Casal celebrou 48 anos de casamento em dezembro de 2020, teve três filhos, oito netos e uma bisneta.

Um exemplo de respeito, amor, companheirismo, cuidado e união. O casal de aposentados Morcina Maria Barroso da Costa, de 68 anos, e José Barbosa da Costa, de 71, não se desgrudava em nenhum momento ao longo dos 48 anos de casamento.

No último dia 15, os dois foram diagnosticados com Covid-19 e internados dias depois no Hospital do Juruá, em Cruzeiro do Sul, interior do Acre.


No início da tarde de segunda-feira (25), Morcina não resistiu e morreu vítima da doença. Mais de 24 horas depois, na noite de terça (26), José Barbosa também faleceu em decorrência da Covid-19.

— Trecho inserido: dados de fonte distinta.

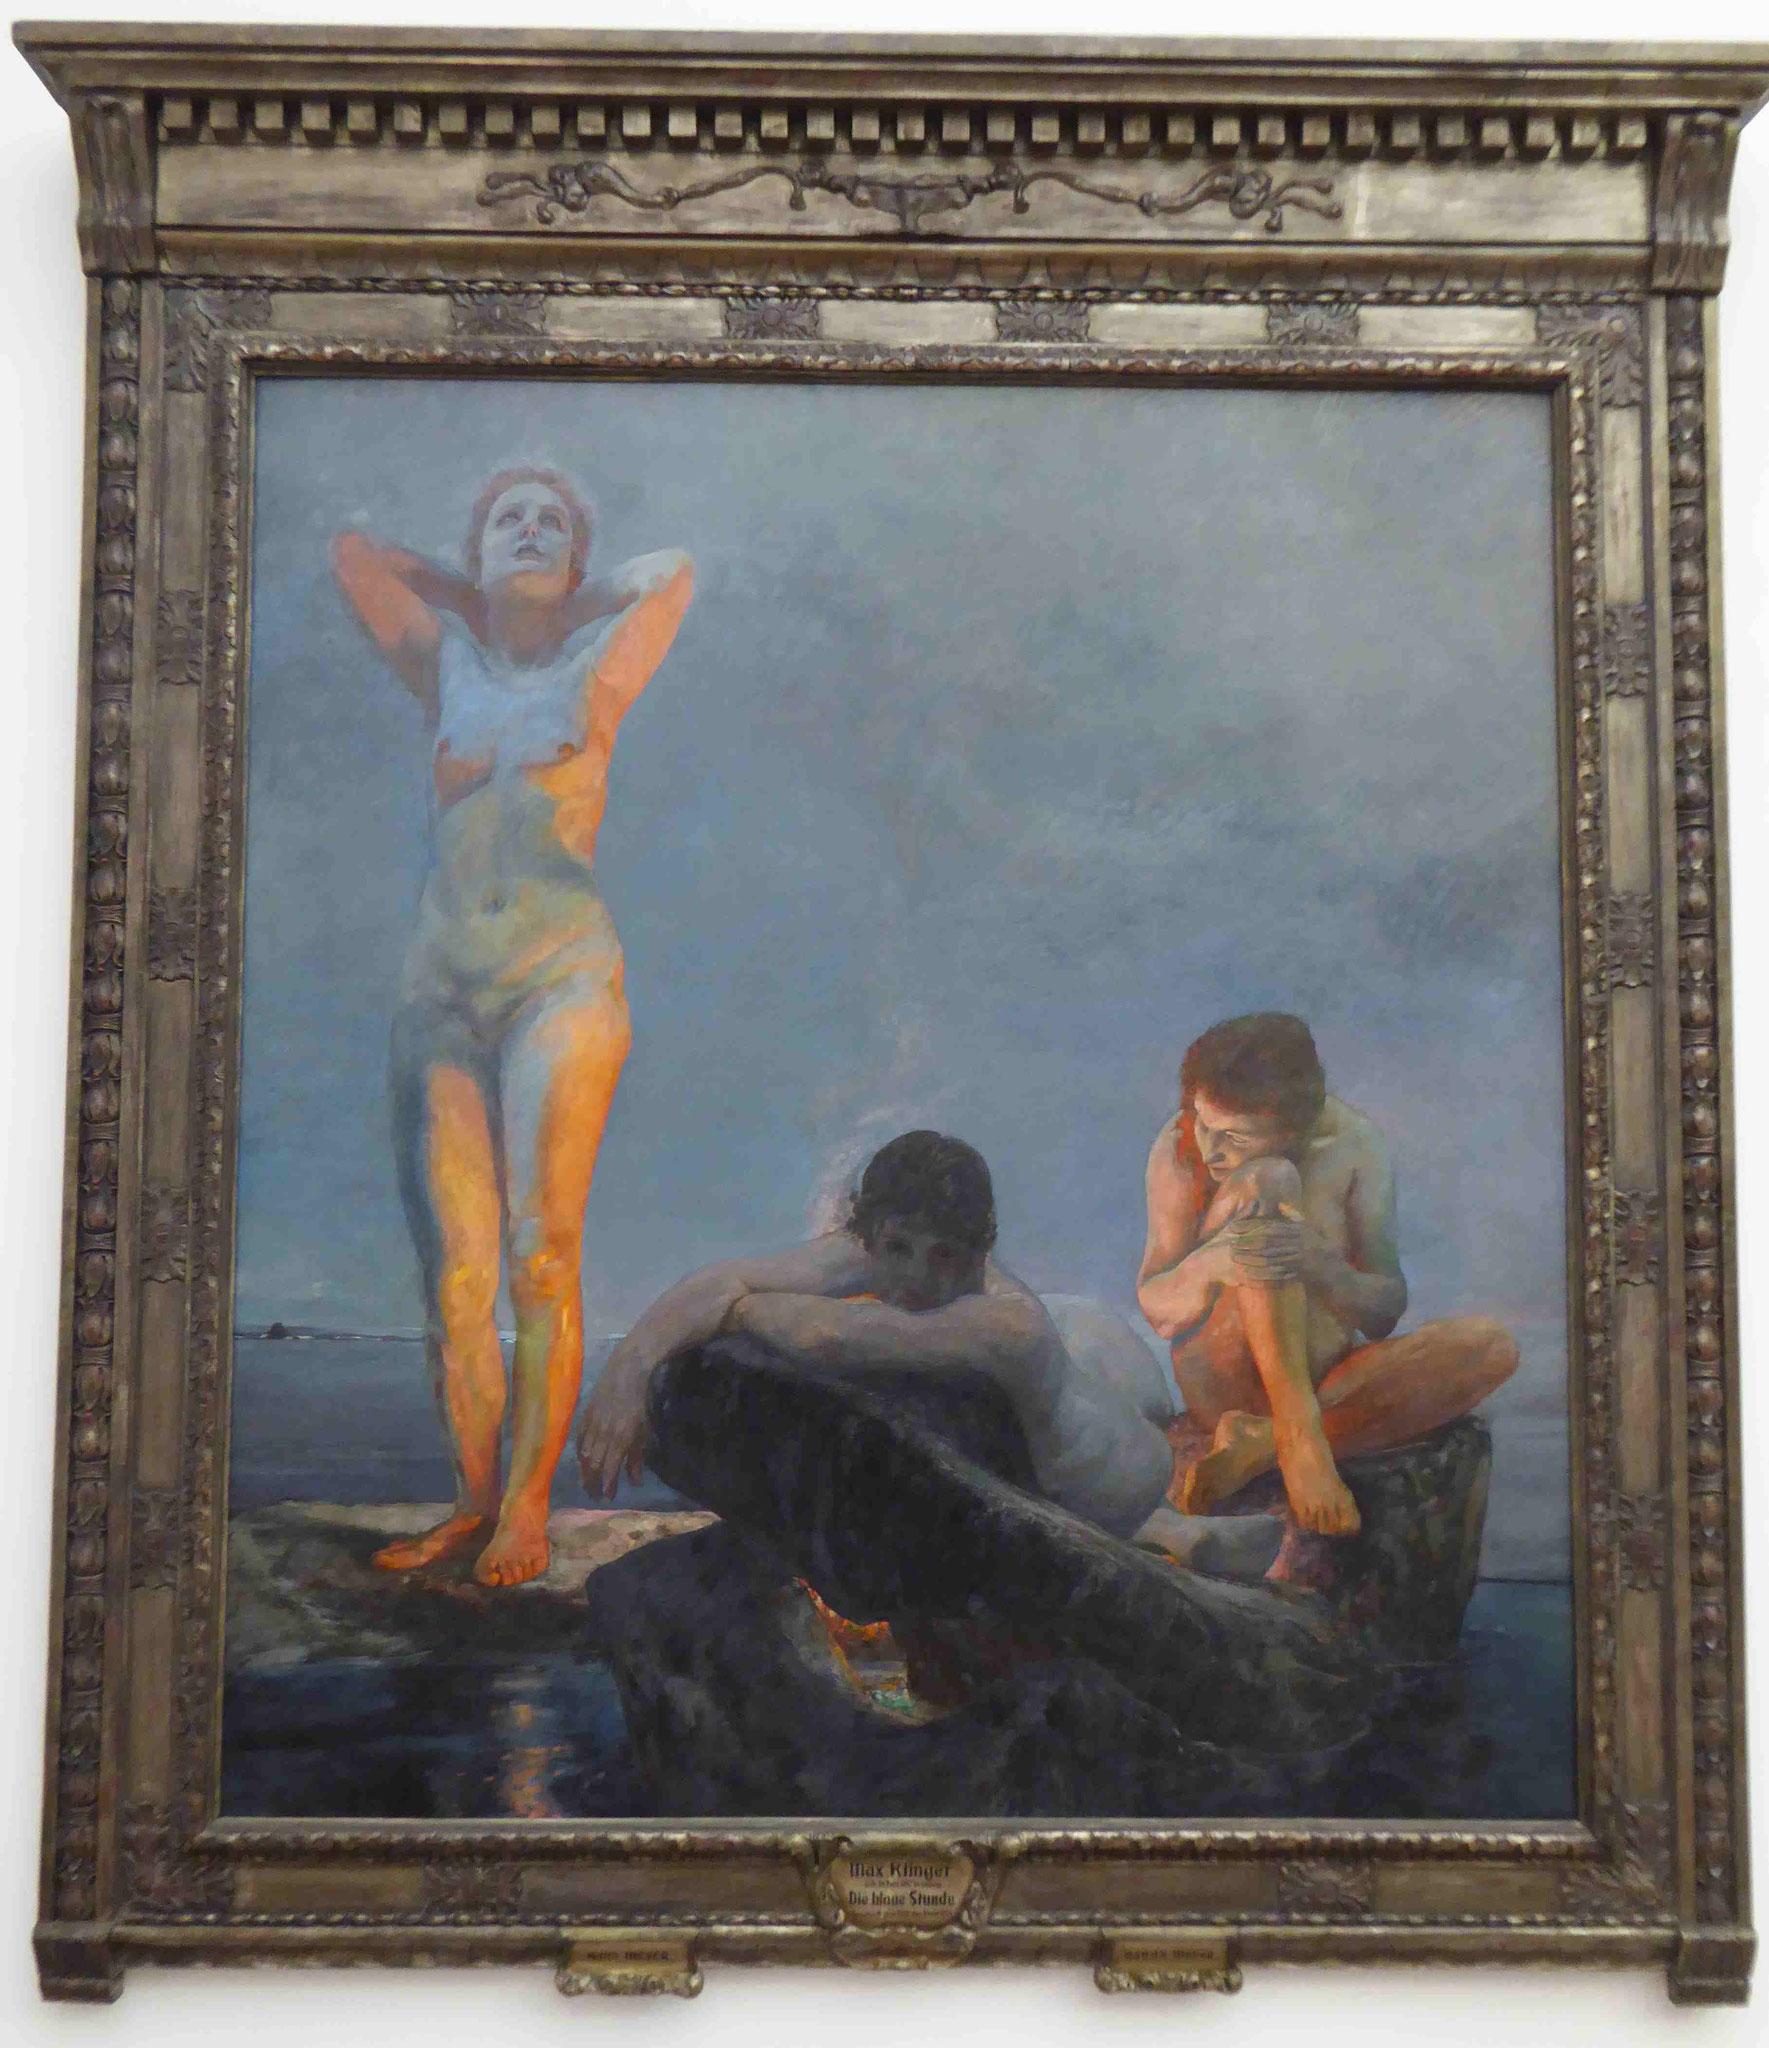 Max Klinger, Die Blaue Stunde, Museum der Bildenden Künste, Leipzig

Os dois eram pais de três filhos, tinham oito netos e uma bisneta, que não chegaram a conhecer porque ela nasceu quando eles já estavam internados. Em dezembro de 2020, o casal celebrou 48 anos de casamento.

Para a ex-secretária de Saúde de Cruzeiro do Sul e filha do casal, Janaína Negreiros, os pais não conseguiriam viver longe um do outro. Muito abalada, a enfermeira falou ao G1 que os pais eram exemplo de união na comunidade católica e entre os filhos.

“Era uma coisa sobrenatural o amor, a união e fé deles. Perante todo mundo, inclusive os filhos, eram exemplo de um casal que vivia bem, que se amava, falava da fé e um sempre cuidando do outro.


O tempo todo um era preocupado com o outro, estiveram juntos em todos os momentos, na doença, na dor, na alegria e saúde. Você não encontrava um sozinho, estavam o tempo todo juntos. Acho que isso fez com que eles não ficassem na terra separados”, relembrou.

Acometidos pela covid

Morcina e o marido foram diagnosticados com a doença no dia15 de janeiro. O casal morava com um dos filhos, a nora e uma neta. Dois dias após o diagnóstico, dia 17, a aposentada foi internada no Hospital do Juruá e no dia 20 deu entrada na UTI, mesmo dia em que o marido foi internado.

A aposentada tinha hepatite B e Delta, era ex-fumante, obesa e hipertensa. Já o marido dela, também era hipertenso e obeso.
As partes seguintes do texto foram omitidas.